Sent: https://lore.kernel.org/netdev/20240910004033.530313-1-willemdebruijn.kernel@gmail.com/T/#u
 
> > Based on ip_summed, pkt_type, is_skb_wmem or so. But so far have not
> > found a suitable condition.
> > 
> > I noticed something else: as you point out TUN is ingress. Unlike
> > virtnet_receive, it does not set ip_summed to CHECKSUM_UNNECESSARY if
> > VIRTIO_NET_HDR_F_DATA_VALID. It probably should. GRO expects packets
> > to have had their integrity verified. CHECKSUM_NONE on ingress is not
> > correct for GRO.

Actually CHECKSUM_NONE is allowed. It just triggers software checksum
validation.

Tun by default does not use GRO, only if enabling IFF_NAPI.

If a packet arrives at GRO with CHECKSUM_PARTIAL, then its checksum is
assumed valid, per __skb_gro_checksum_validate_needed.
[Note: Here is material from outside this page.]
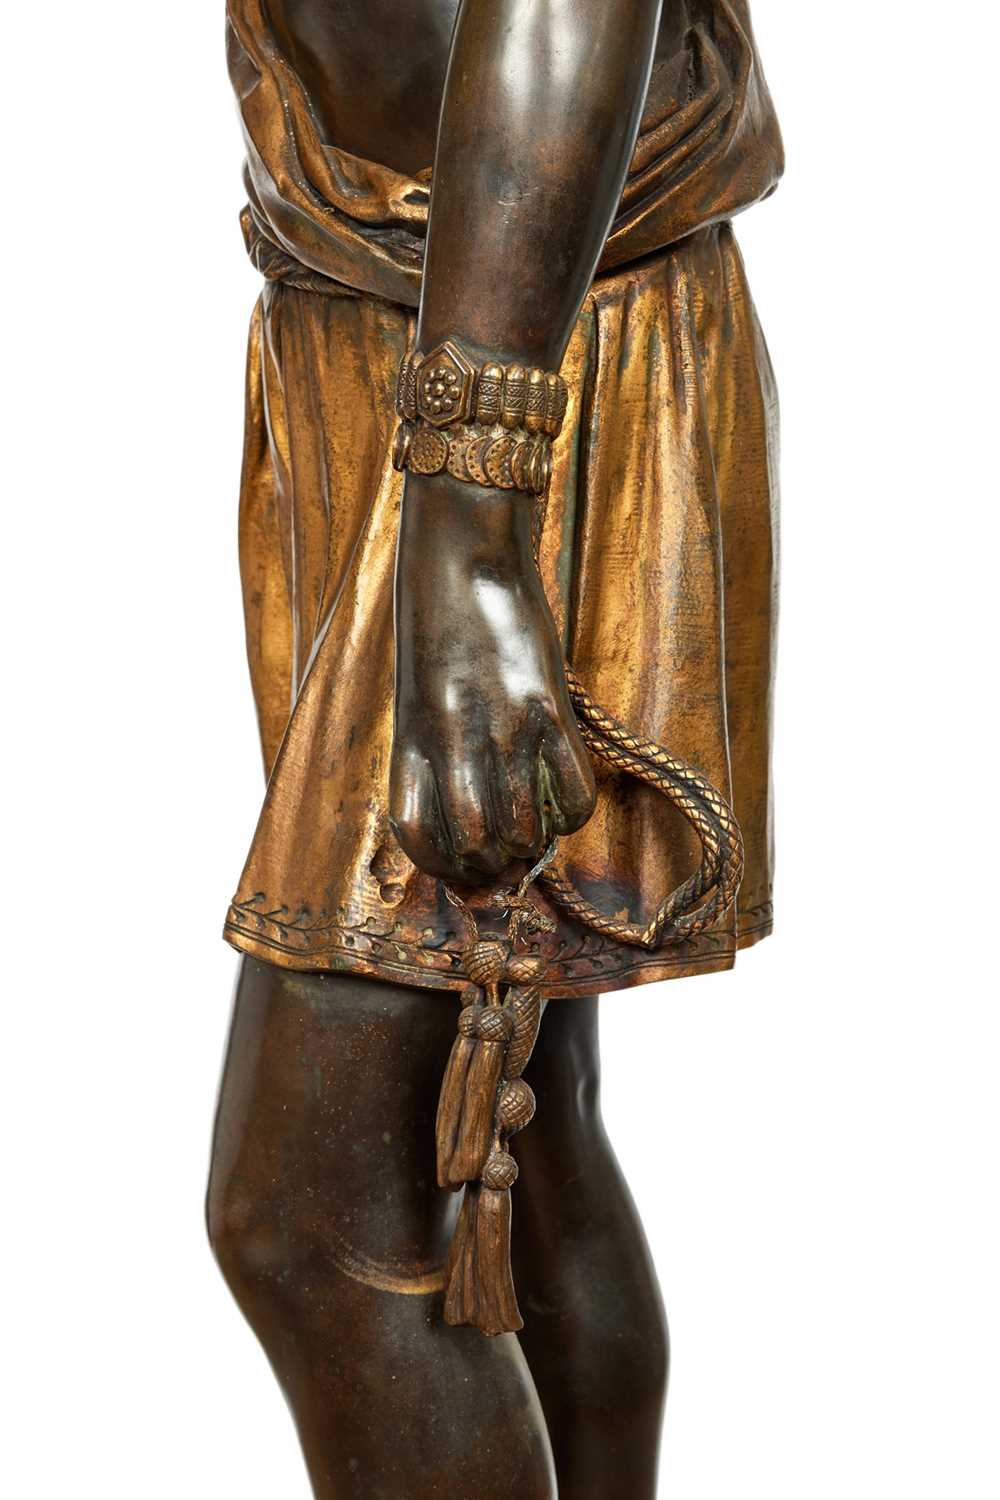 GRAUX-MARLY, PARIS: A 19TH CENTURY LIFE-SIZE ORIENTALIST BRONZE OF A NUBIAN WATER CARRIER - Image 5 of 5

So that would
be one way for tun users today to get efficient GRO.

> > And also related: no GRO should be generated by a device unless
> > VIRTIO_NET_HDR_F_DATA_VALID is also passed? I have to check the spec
> > if it says anything about this.

Given that GRO handles !CHECKSUM_UNNECESSARY, probably no need to
require VIRTIO_NET_HDR_F_DATA_VALID with virtio GRO either.